Exaltación de la cruz - Alfa y Omega

Exaltación de la cruz

Fiesta de la Exaltación de la Cruz / Juan 3, 13-17

Carlos Pérez Laporta
Foto: Cathopic.

Evangelio: Juan 3, 13-17

En aquel tiempo, dijo Jesús a Nicodemo:

«Nadie ha subido al cielo sino el que bajó del cielo, el Hijo del hombre.

Lo mismo que Moisés elevó la serpiente en el desierto, así tiene que ser elevado el Hijo del hombre, para que todo el que cree en él tenga vida eterna.

Porque tanto amó Dios al mundo, que entregó a su Unigénito, para que todo el que cree en él no perezca, sino que tenga vida eterna.

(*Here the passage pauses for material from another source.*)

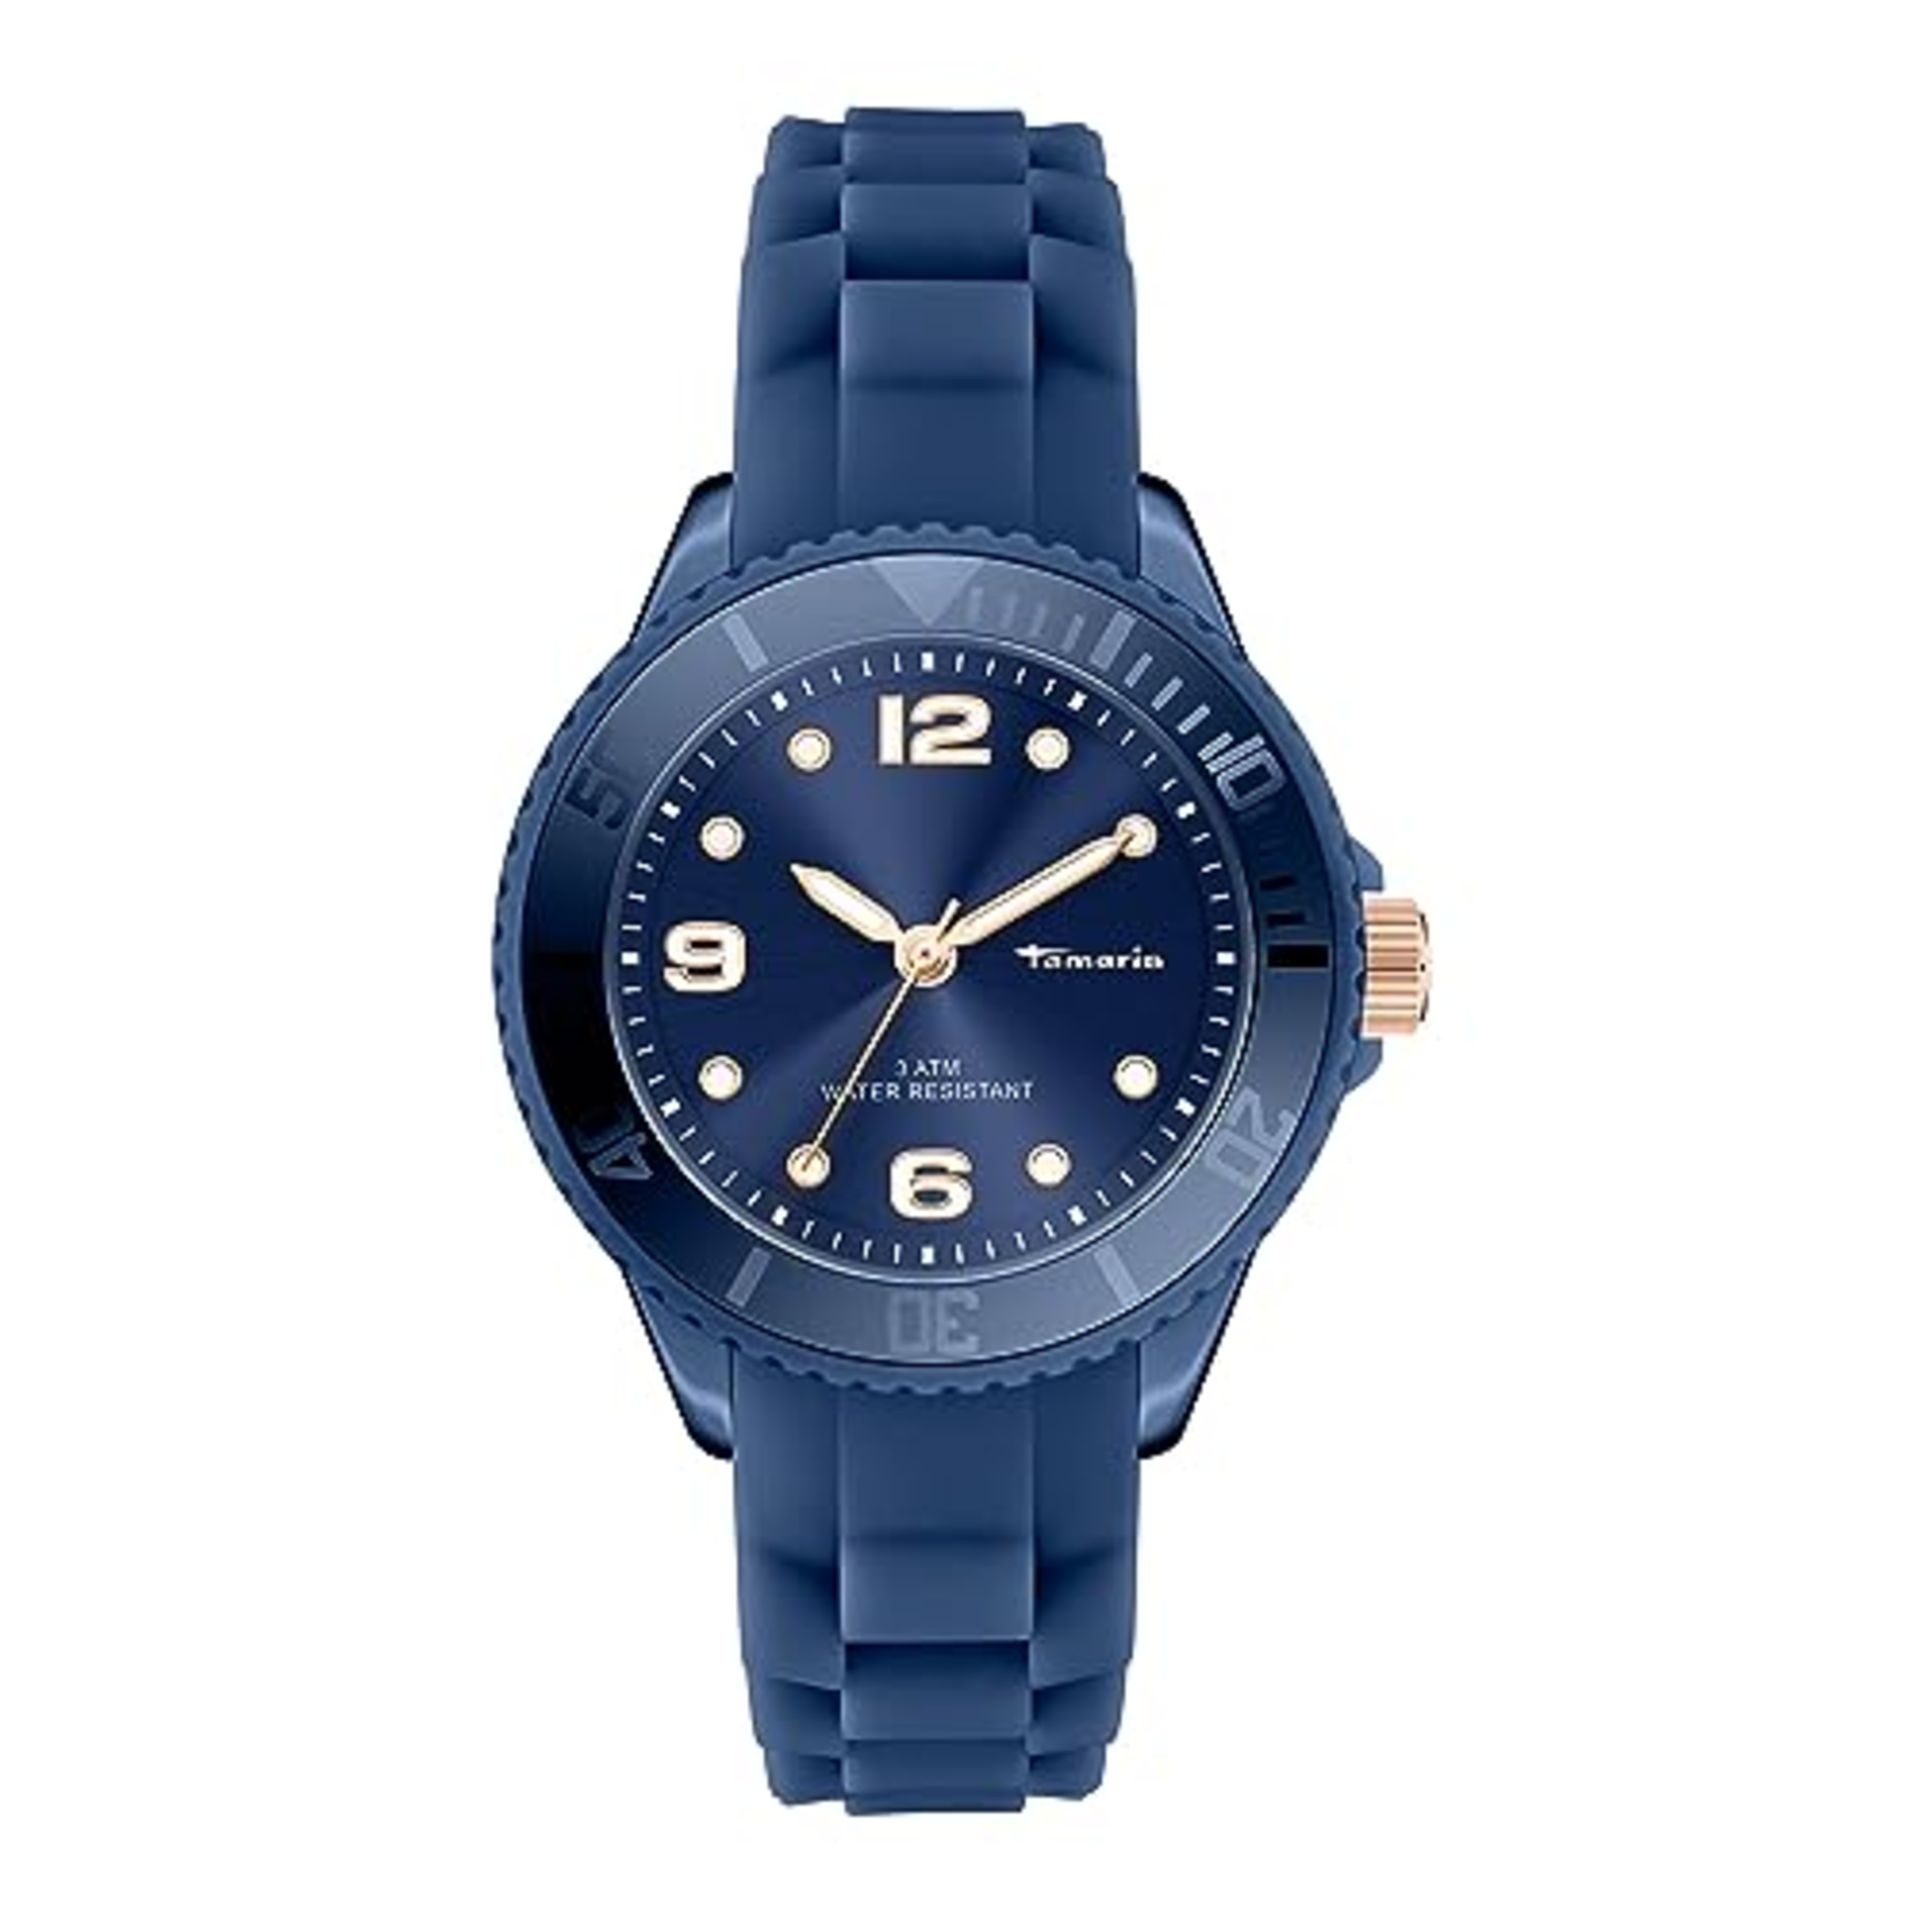 Tamaris Women's Analog Quartz Watch with Silicone Strap TT-0127-PQ, Dark Blue

Porque Dios no envió a su Hijo al mundo para juzgar al mundo, sino para que el mundo se salve por él.

El que cree en él no será juzgado; el que no cree ya está juzgado, porque no ha creído en el nombre del Unigénito de Dios».

Comentario

Hoy celebramos la exaltación de la cruz, fiesta que choca con nuestro entendimiento. La exaltación de la cruz se nos presenta como un oxímoron, porque la palabra cruz parece querer decir exactamente lo contrario de lo que dice la palabra exaltación. De otro modo, ¿qué parte de la cruz nos atreveremos a decir que eleva? ¿Los clavos? ¿La desnudez? ¿La asfixia? Es cierto que Jesús ironiza con la altura a la que se sitúa el crucificado: la crucifixión implica una cierta elevación física por encima del suelo. Pero nadie en su sano juicio vería la alzada de la cruz en paralelo a la digna altura de un trono. Jesús, al subirse a la cruz, desciende aún más por el límite de lo humano. Recorre el ridículo, la crueldad, el abandono, el dolor. Todo lo más bajo. Ese ascenso es un descenso a lo peor de la humanidad, a los infiernos de lo humano. El ascenso físico implica una decadencia moral.

Pero si está ahí en lo alto la miseria moral de la humanidad, los hombres ya no pueden bajar la mirada humillados. Cuando se avergüencen de sus bajezas tendrán que levantar la vista bien alto, hacia el crucificado. Toda su iniquidad está en Cristo, en su cuerpo destrozado, en su alma angustiada, en su corazón agotado. Es imposible mirar las propias vilezas en otro sitio que no sea en el cuerpo de Cristo. Son suyas, le pertenecen, las ha comprado con su vida. Por eso es imposible humillarse por los propios pecados si enorgullecerse por Cristo. Es así como la vergüenza comunica con la exaltación: si nuestros pecados nos apenan, nos alegra Cristo. No hay distancia entre Cristo y nuestro pecado. Lo más bajo está en lo más alto clavado. La pena por el pecado coincide siempre con la alegría que Cristo es en nuestro corazón.